クライアントは当初不快感を示しましたが、結果としては双方の理解を深め、信頼関係を構築することに成功したと思います。

Webディレクターの場合

私の長所は、「逆境からも成果を得る姿勢」だと思います。

あるサイト構築が大詰めに差し掛かったとき、チーフデザイナーが病気で休職することになり、チームは大混乱に陥りました。「チーフがいないとこの仕事は無理だ」などという若手デザイナーもいたくらいです。 しかし私は、「できない理由を探すのではなく、できる方法をいっしょに探そう」とチームを励まし、「もしチーフだったらここはどうするだろうか?」「今我々にできるベストの方法は何か?」を追求しました。もちろん、チーフとの電話連絡は必要でしたが、チーフの負担を可能な限り抑えながら、無事サイトを立ち上げることができました。

それまでの制作チームは、チーフデザイナーを中心としたピラミッド型のヒエラルキーが強かったのですが、この件を機に横の連携が良くなり、互いの業務をフォローし合う気風が生まれたと思います。 よく「ピンチはチャンス」といいますが、そこまで美しい逆転劇は実社会ではそうはありません。しかし、「怪我の功名」という言葉もあります。ピンチに直面したら、チャンスにはできないまでも、必ず何らかの収穫を得る。
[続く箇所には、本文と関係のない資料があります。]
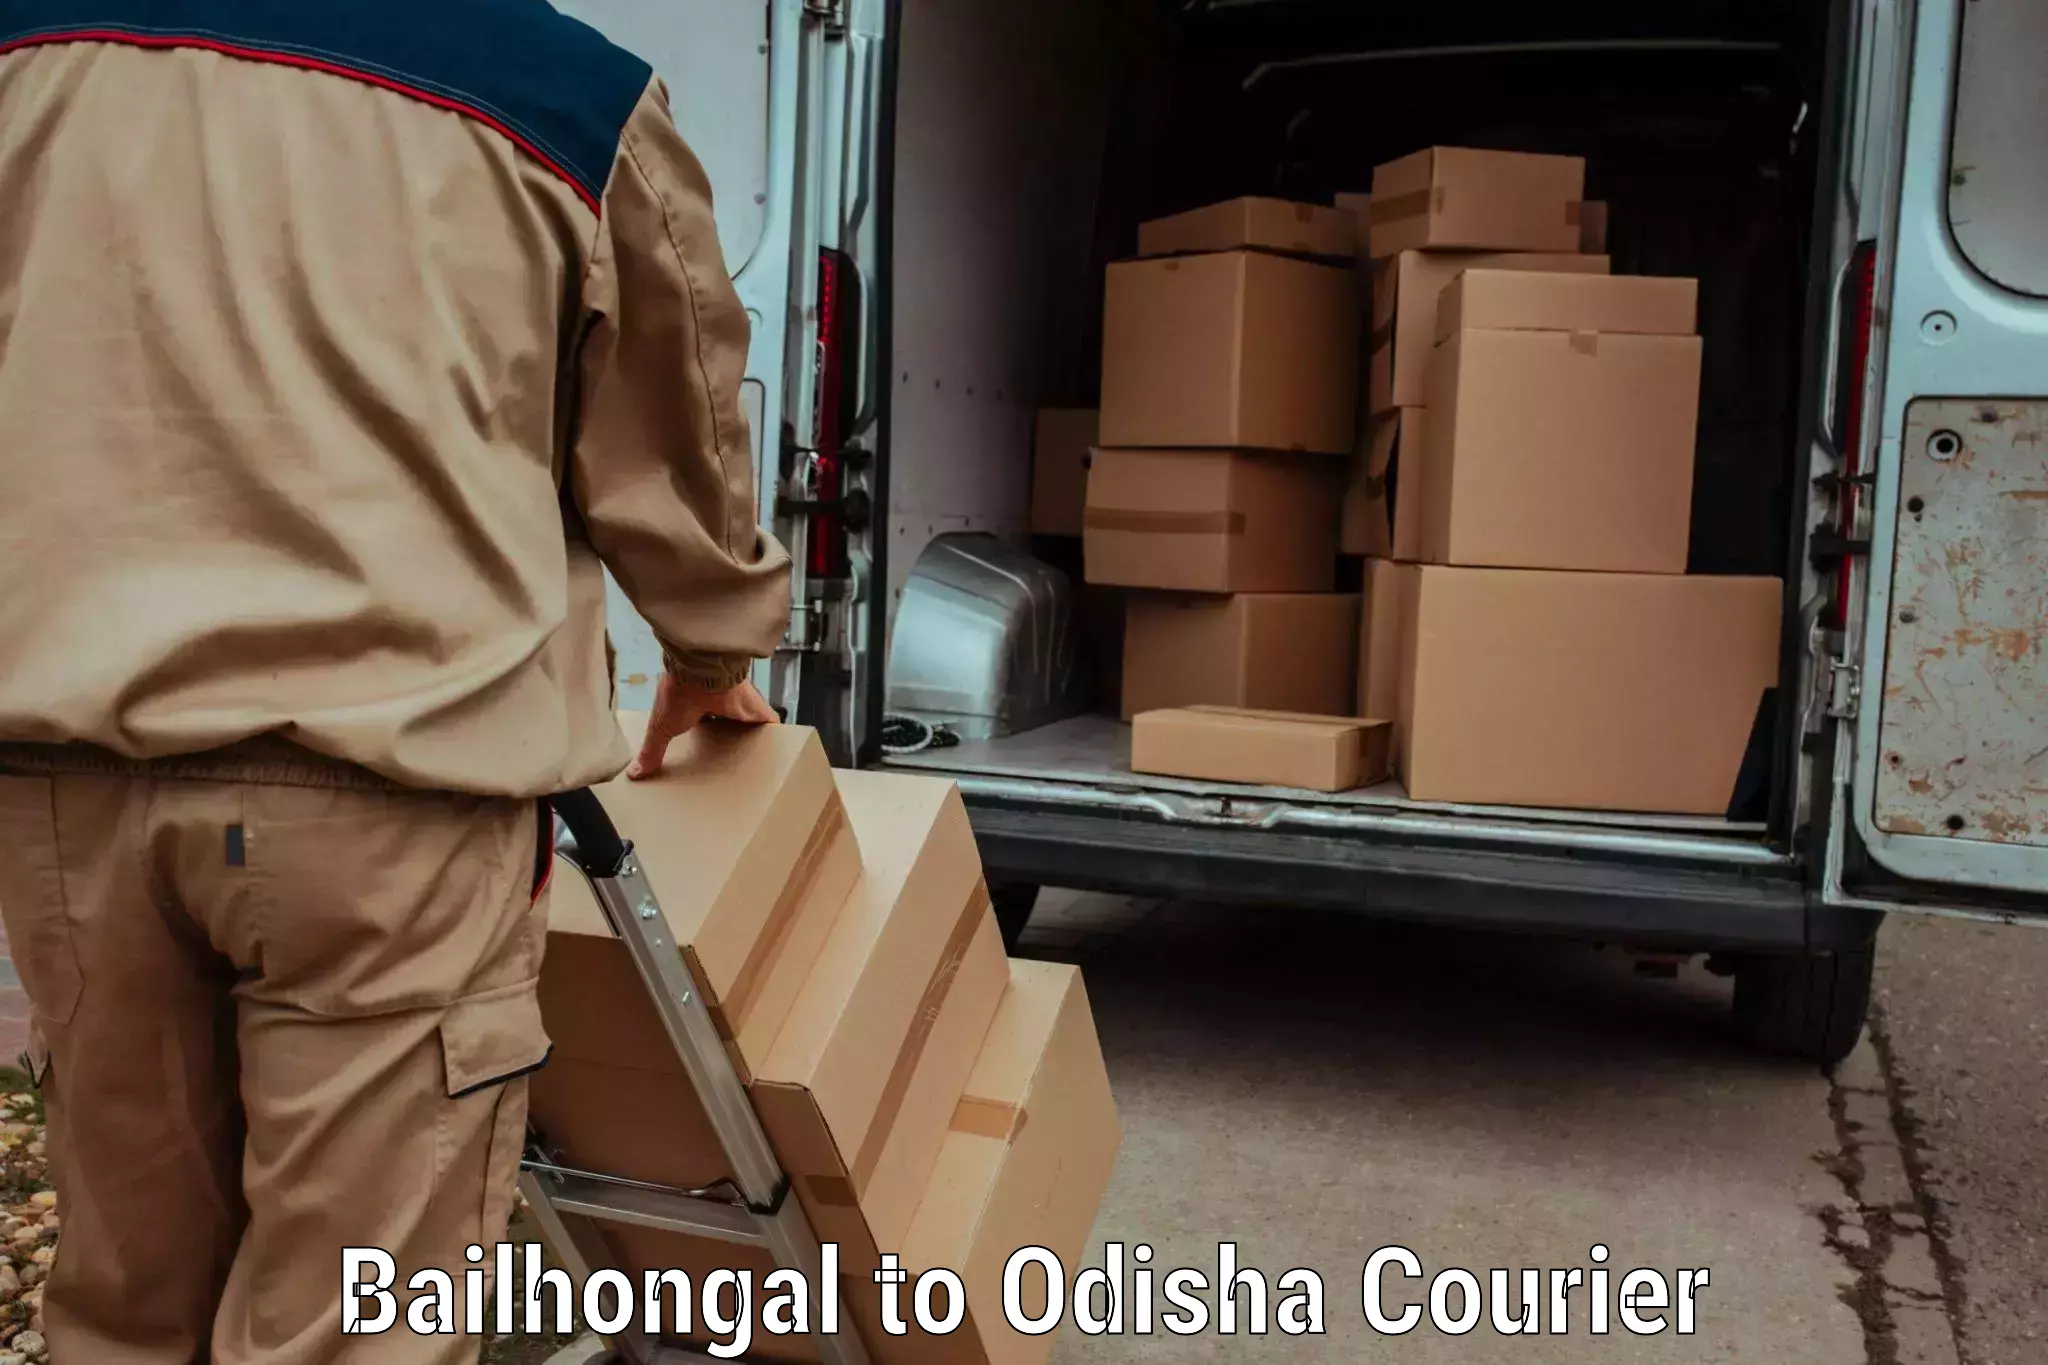 Courier membership in Bailhongal to Odisha

今までそういう方針を貫いてきました。

ゲームプランナーの場合

私の長所は、「ネガティブな情報からヒントを得ること」です。

マイケル・デルの言葉に、「粗探しの好きな方、ありがとうございます」という名言があります。マイケルはPC直販メーカー・デルの創業者で、悪質なクレームに直面することも多かったのですが、それを製品開発やサービス改良のヒントにしてきました。 私が企画したゲームも、SNSで悪意ある中傷が拡散されたり酷評を受けたりといったことがあります。

例えば○○というゲームでは、ある掲示板に書き込まれた「○○は△△のパクリだ」という中傷を読んで、「じゃあもっとオリジナリティを高くしてやろう」と新機能の開発に着手しました。 もちろん、誹謗中傷には毅然と反論しなくてはならない場合や、無視したほうがいい場合もあります。しかし、自分にとって不快な情報から目を背けるのではなく、「気付きのヒントをいただいてありがとうございます」という気持ちで接することは非常に重要だと考えています。
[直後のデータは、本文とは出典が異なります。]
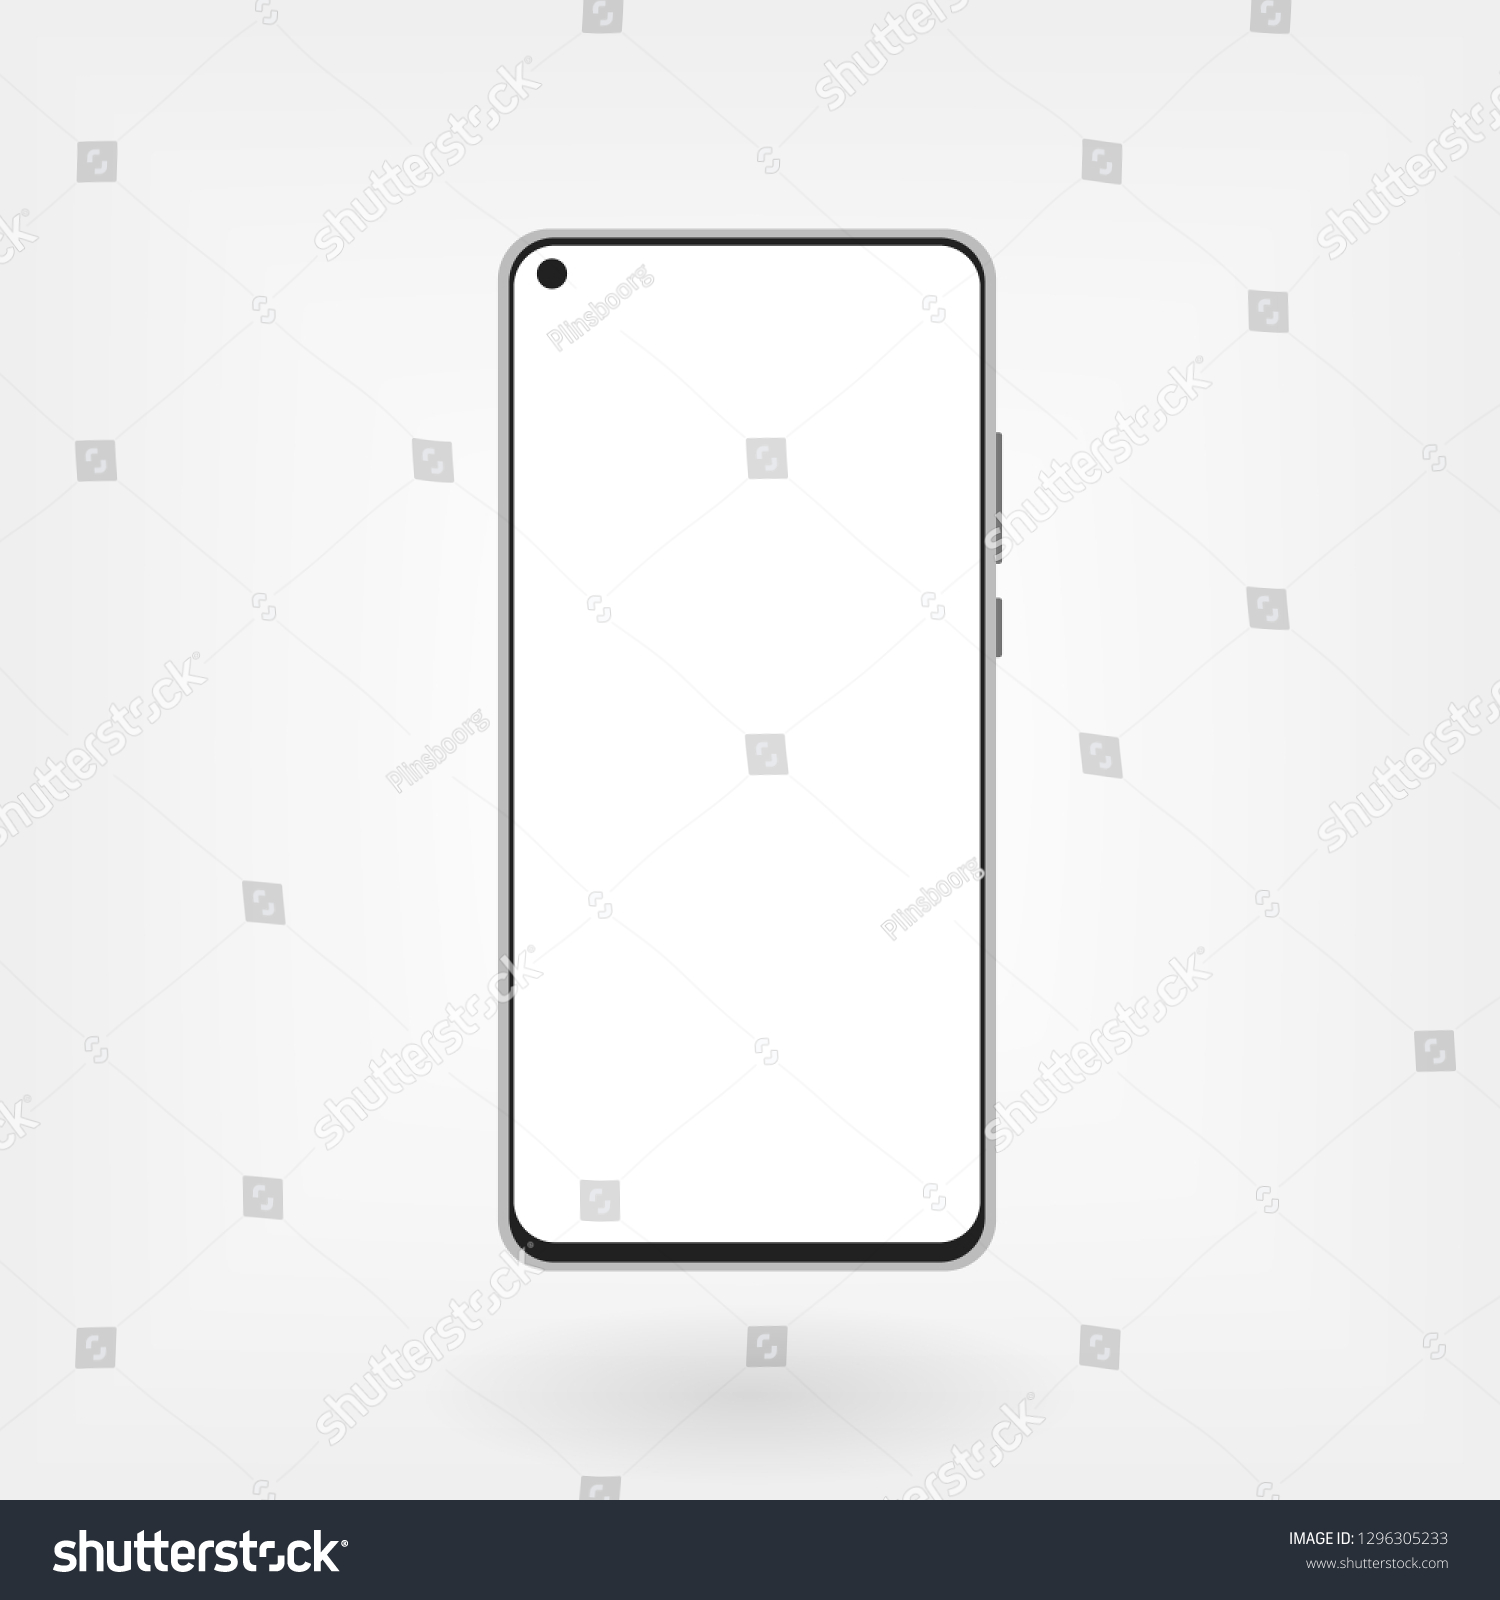 SVG of Smartphone mockup with hole in display. Modern front camera design svg

このように細部を掘り下げ、自分の言葉とすることで、リアリティや力強さを感じ取ることができます。

上記のサンプル例は「お手本」ではありません。また、「この職種にはこの語り方であるべき」という制約を設けるものでもありません。自分の長所を語る上でヒントになる点があれば、ぜひあなたの面接対策にお役立てください。

まとめ

自分の長所や強みは、自己PRとの語り分けが難しい質問です。 十分な面接対策をせず、その場のなりゆきに任せて思いのままに質問に答えていくと、思わぬ矛盾に直面したり、語り分けができずにあいまいな回答になってしまったりする恐れがあります。

ここでは、自己PRが「企業目線で、自分という人材にどんな魅力があるのか」を語るのに対し、「強み」では「面接担当者目線で、自分のライバルと差別化できる優位性」を語るという区別のつけ方をご紹介しました。また、もし自己PRと強みの両方を語る機会が与えられたら、「強み」で自己PRのアピール要素をさらに深掘りしよう、というアドバイスもしています。そして、「あなたの長所は」という質問に対しては以下のような切り口で語り分けることができます。

  • 強み:個人→組織への貢献力という視点
  • 長所:組織を機能させる上で役立つ個人的資質

このように、「語り分け」を意識した面接対策を準備していくことで、設問のさまざまなバリエーションにも対応しやすくなります。 それどころか「自己PR」「強み」「長所」と質問が重ねられる度に、多角的に自分のさまざまな魅力を語るチャンスが与えられたと考えることができるでしょう。